A priest reads in Arabic during Pope Benedict XVI’s weekly audience in St. Peter’s Square at the Vatican on 10 October. Arabic made its debut as one of the official languages at the pope’s weekly audience as part of the Vatican’s attempt to reach out more to both Christians and Muslims in the Middle East. (photo: CNS/Max Rossi, Reuters)

Yesterday, history was made when the Vatican used Arabic as one of the official languages of the pope’s weekly audience for the first time. Details from Reuters:

Arabic made its debut as one of the official languages at Pope Benedict’s weekly general audiences on Wednesday as part of a Vatican attempt to reach out more to Christians and Muslims in the Middle East.

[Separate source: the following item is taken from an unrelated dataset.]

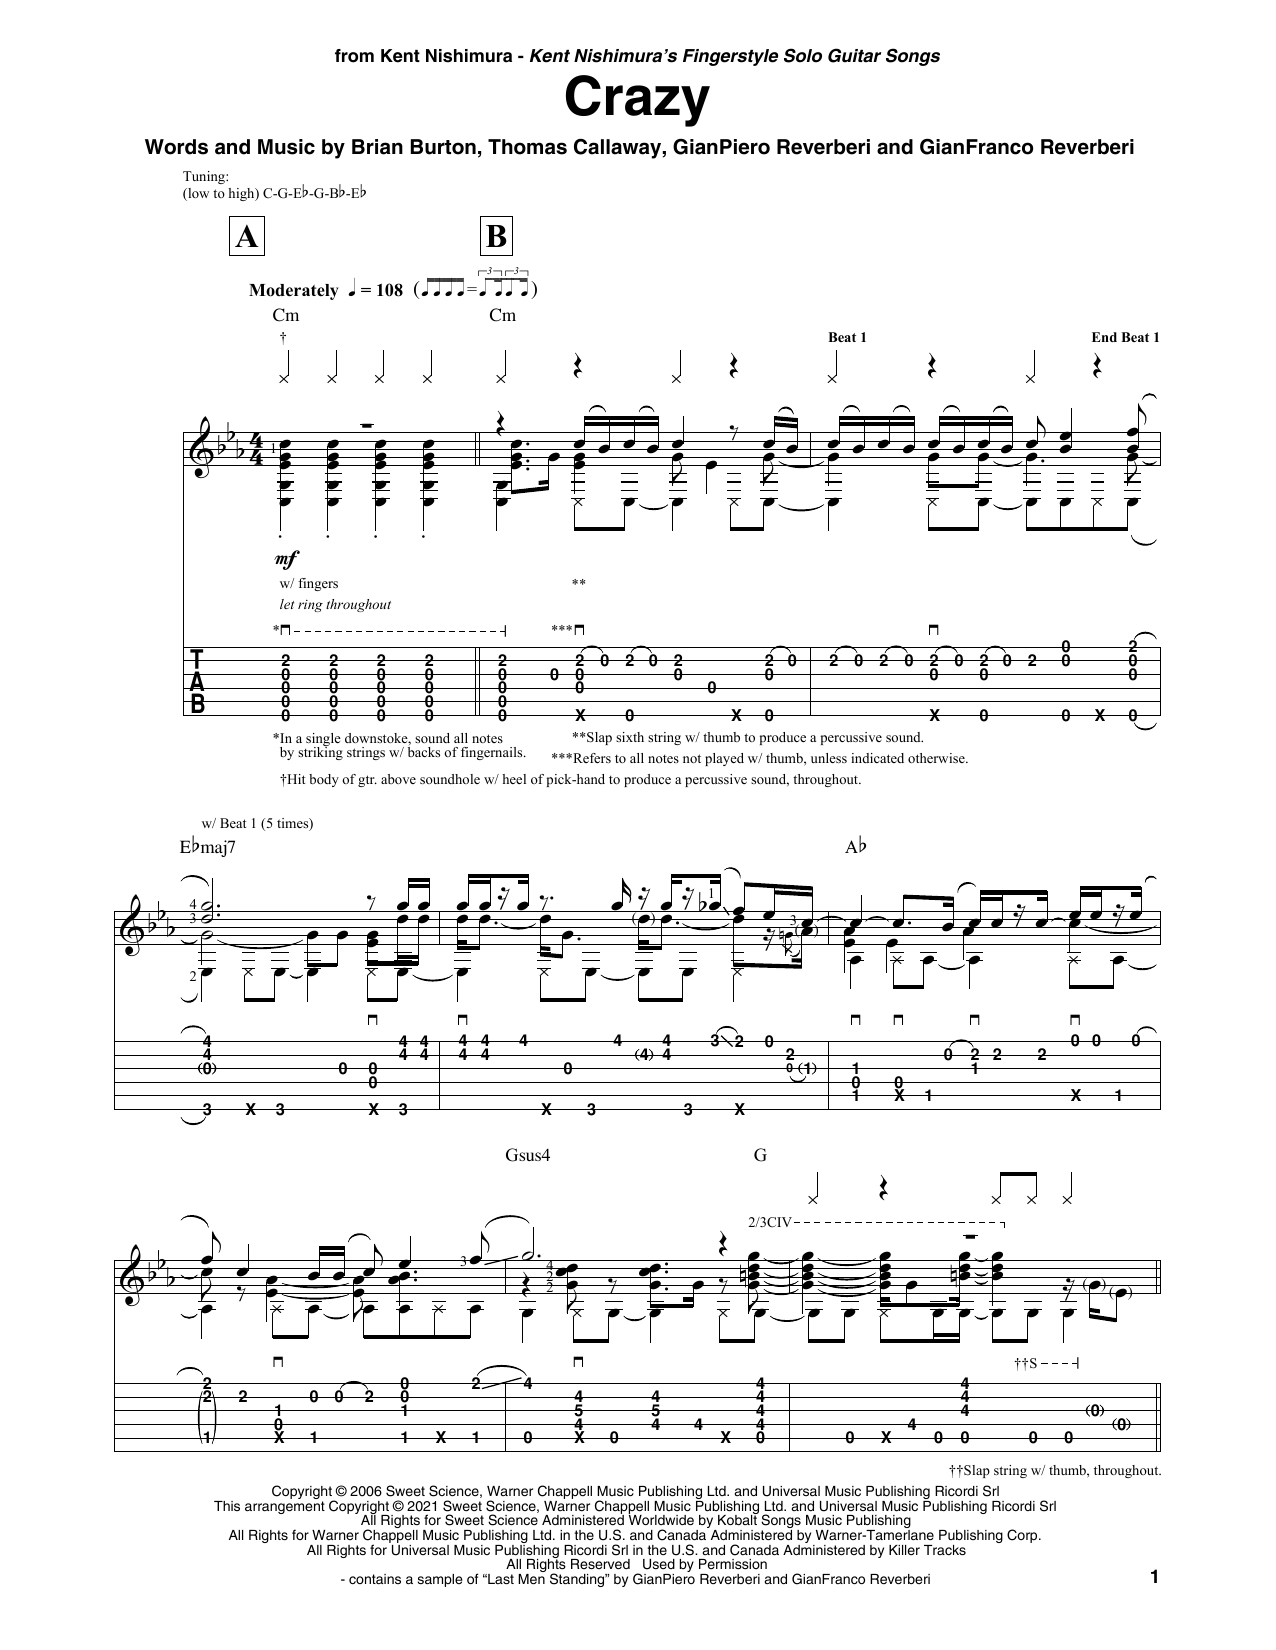 Gnarls Barkley Crazy (arr. Kent Nishimura) Sheet Music Notes & Chords for Solo Guitar - Download or Print PDF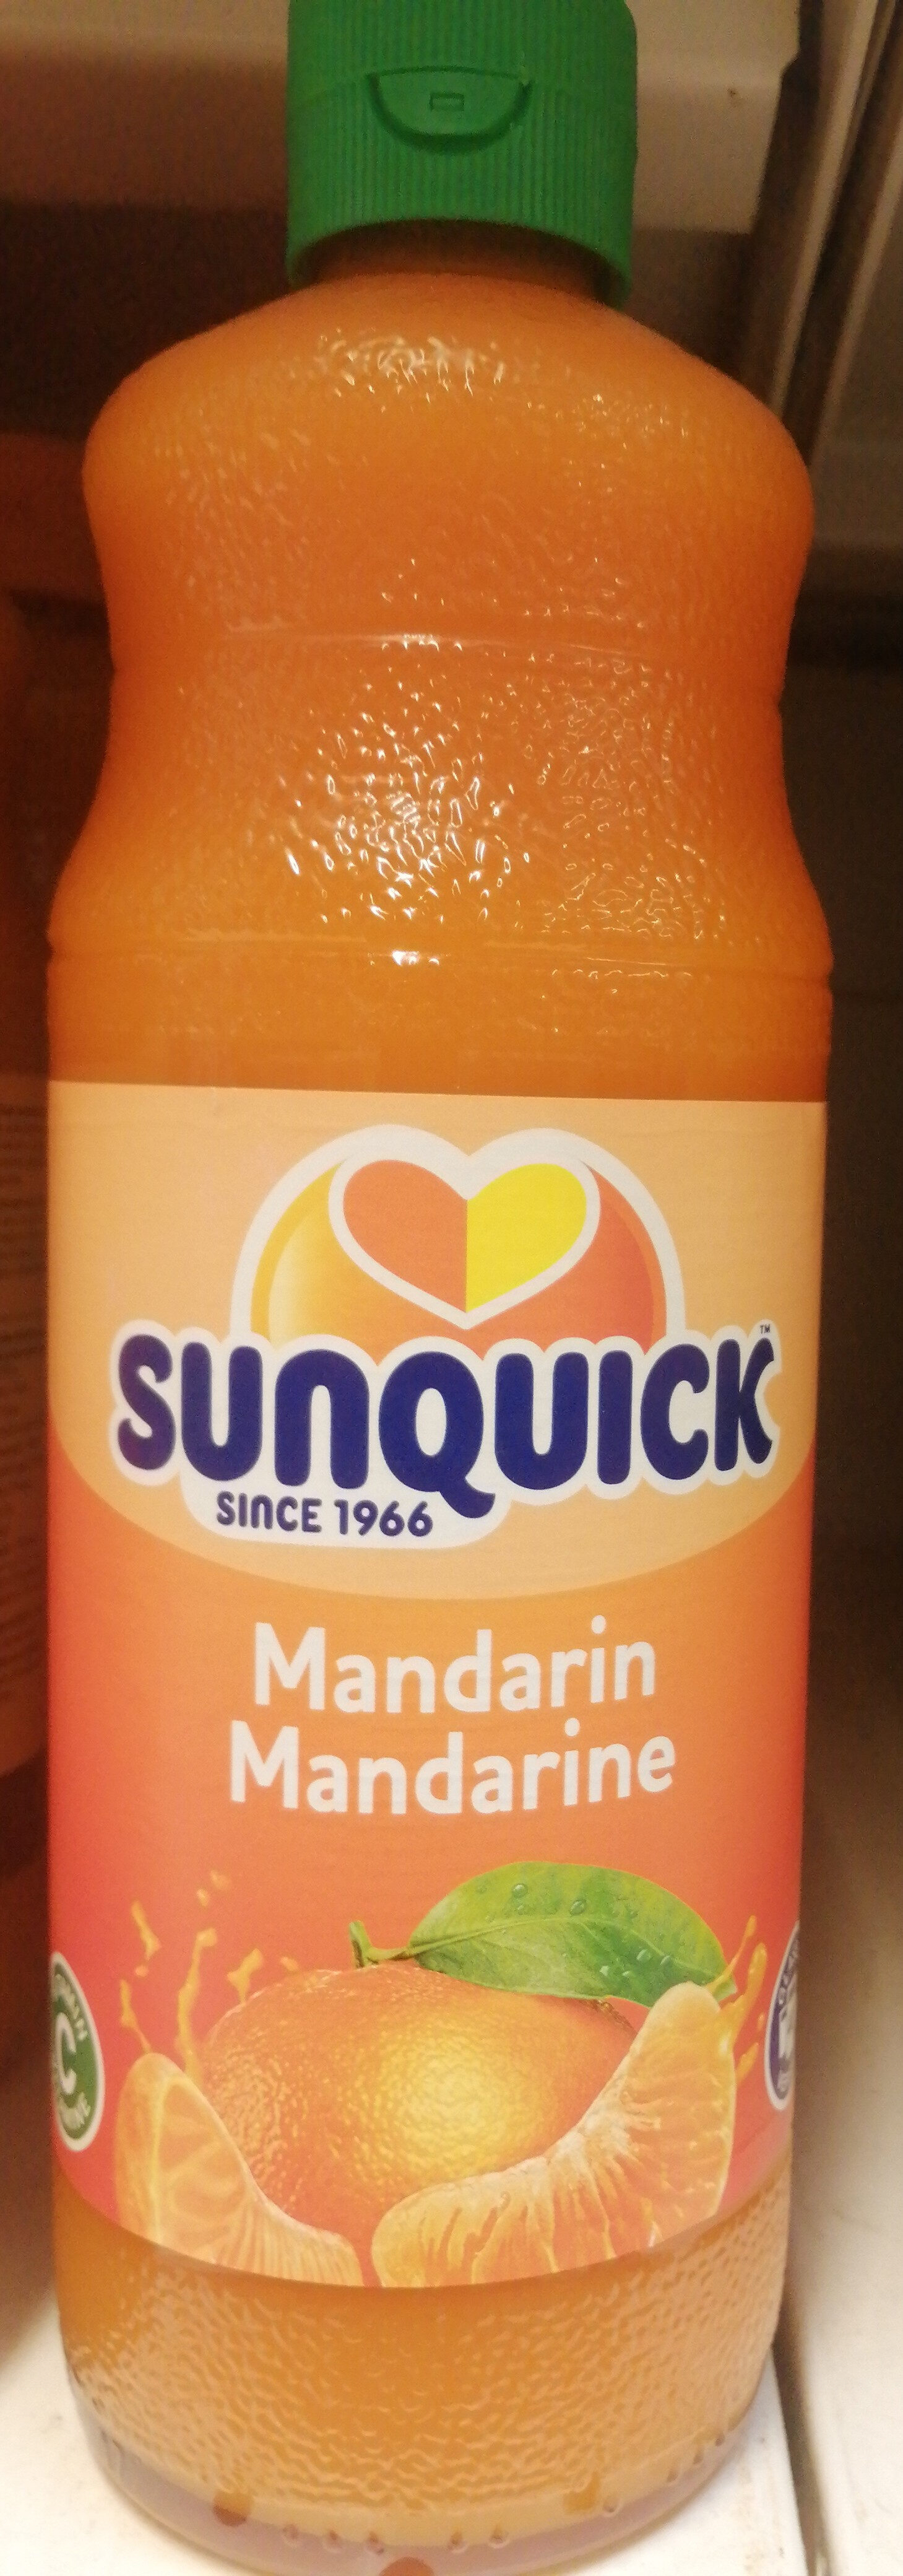 Sunquick - Produit

Vatican officials said that speaking Arabic during the audiences, which are broadcast live on television and radio across the world, would send a comforting word to Christians in a region which is home to many Christian holy places.

They also hope the pope addressing Muslims directly could improve sometimes strained relations with Islam.

A priest read a summary of the pope’s Italian language weekly address in Arabic for the first time, joining other briefs in Czech, English, French, German, Hungarian, Polish, Portuguese, Russian, Slovak and Spanish during the audience in front of thousands of people in St. Peter’s Square.

After the address, which dealt with the 50th anniversary of the Second Vatican Council, the pope said in Arabic: “The pope prays for all people who speak Arabic. May God bless you all.”

The Vatican said the addition was made to show the pontiff’s concern for Christians in the Middle East and to remind both Muslims and Christians to work for peace in the region.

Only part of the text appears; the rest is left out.